F. W. Hasluck
(Christianity and Islam Under the Sultans, -Ed. By Margaret M. Hasluck, Oxford 1929, vol: 1, p. 158-159.)
"The Kizilbash of Lycia (the province of Tekke) are as already stated, numerous and generally known as Takhtaji (woodcutters) on account of their employment, but like the Kizilbash elsewhere they call themselves Alevi and are connected with the Bektashi order of dervishes, whose local centre is at Elmali. They are said to owe their conversation to Shia Islam to missionary sheiks dispatched from Konia in the fourteenth century. This woodcutter caste of Takhtaji exists in Cilicia also, where it has embraced a form of the Shia faith and therefore would be reckoned Kizilbash by the Turks.

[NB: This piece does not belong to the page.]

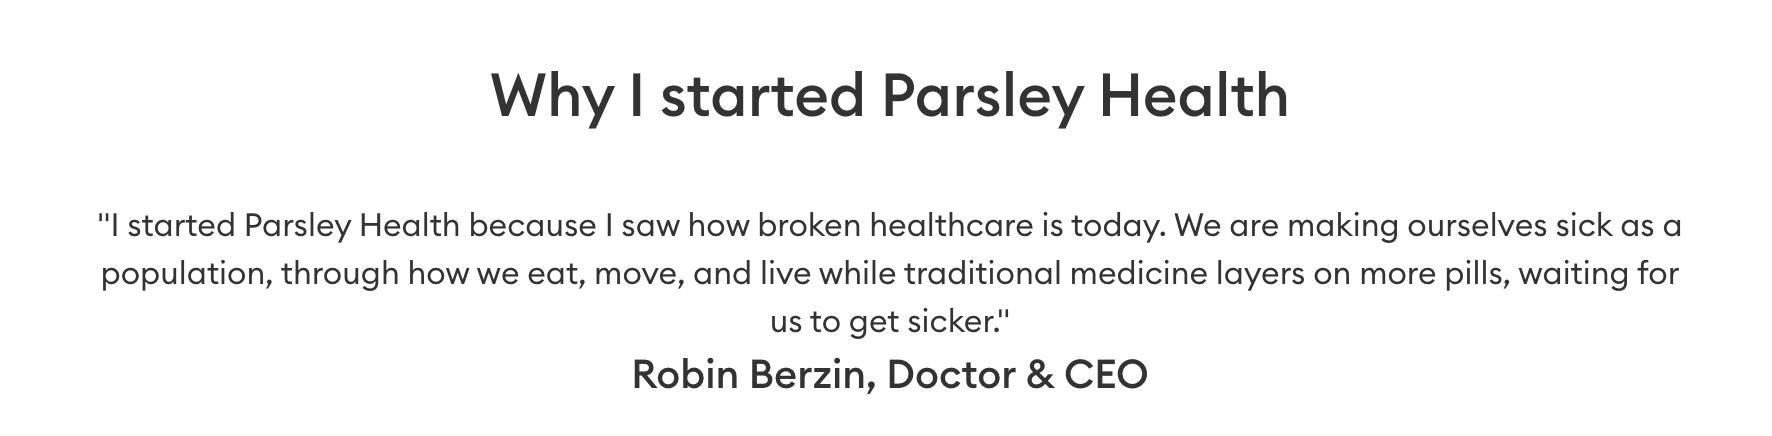 Parsley Health name

Although we have little exact information on the religion of the Lycian Takhtaji, what we have confirms the idea of their close religious connexion with the Kizilbash farther east. Thus, every Lycian Takhtaji tribe, however small, has a Baba or Dede, whose office is hereditary. Again, confession and absolution ceremonies exist among them as among the Kizilbash, (6) while Kizilbash and Takhtaji alike claim to have a sacred book...."
Site Editor's Note: Foot Notes are not taken.